Many such examples exist of how our understanding of our natural world will be enhanced and accelerated through the use of an integrated infrastructure. Similarly compelling examples exist in fields as diverse as biology and genomics, neuroscience, aircraft design, high-energy physics and astrophysics, and intelligent, mobile environments for IT research.

HPCwire: Does the DTF, in fact, constitute a de facto push by the NSF toward virtual unification of SDSC and NCSA?

REED: NCSA, SDSC, and their two partnerships, the Alliance and NPACI, each contribute unique and complementary skills and technologies to the collaborative development of the DTF TeraGrid. Concurrently, each will continue to separately develop and deploy new computing infrastructure as part of their ongoing PACI missions.

HPCwire: How would you characterize your leadership of NCSA? How does it differ from that of your predecessor, Larry Smarr? What are your greatest challenges at this time, and how are you dealing with them?
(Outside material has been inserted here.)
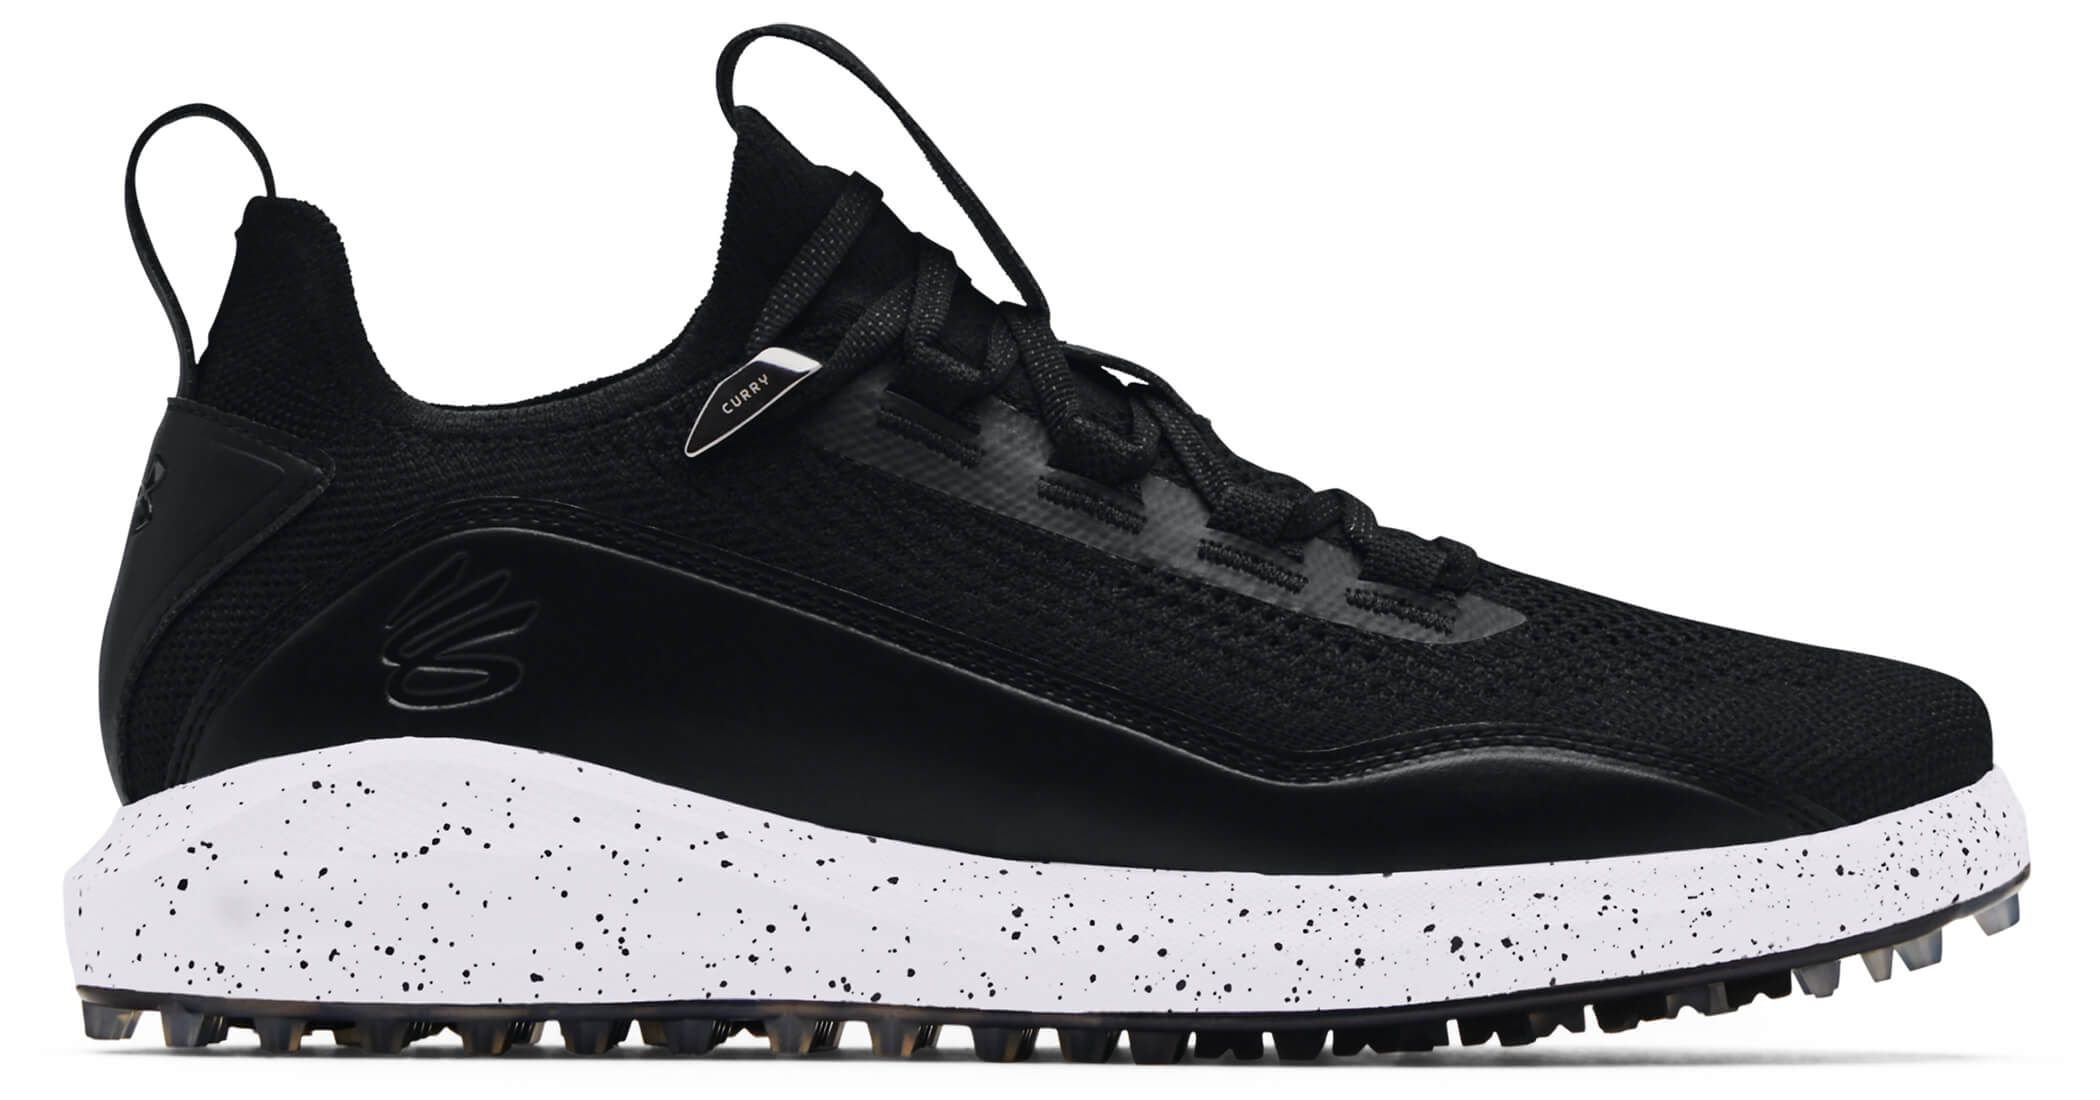 steph curry golf shoes

REED: NCSA and the Alliance are about enabling breakthrough science and engineering via advanced computing infrastructure. That is a long and rich tradition that both Larry and I believe in passionately. NCSA's role is not only to support today's computational science research but also to "invent the future" by developing those technologies that will make today's scientific dreams tomorrow's reality. The TeraGrid is THE NEXT MAJOR STEP along that path, one that leads NCSA and the Alliance to petaflops, terabit networks, hundreds of petabytes and ubiquitous mobile sensors. We're continuing to invent the revolution that will transform science and engineering research.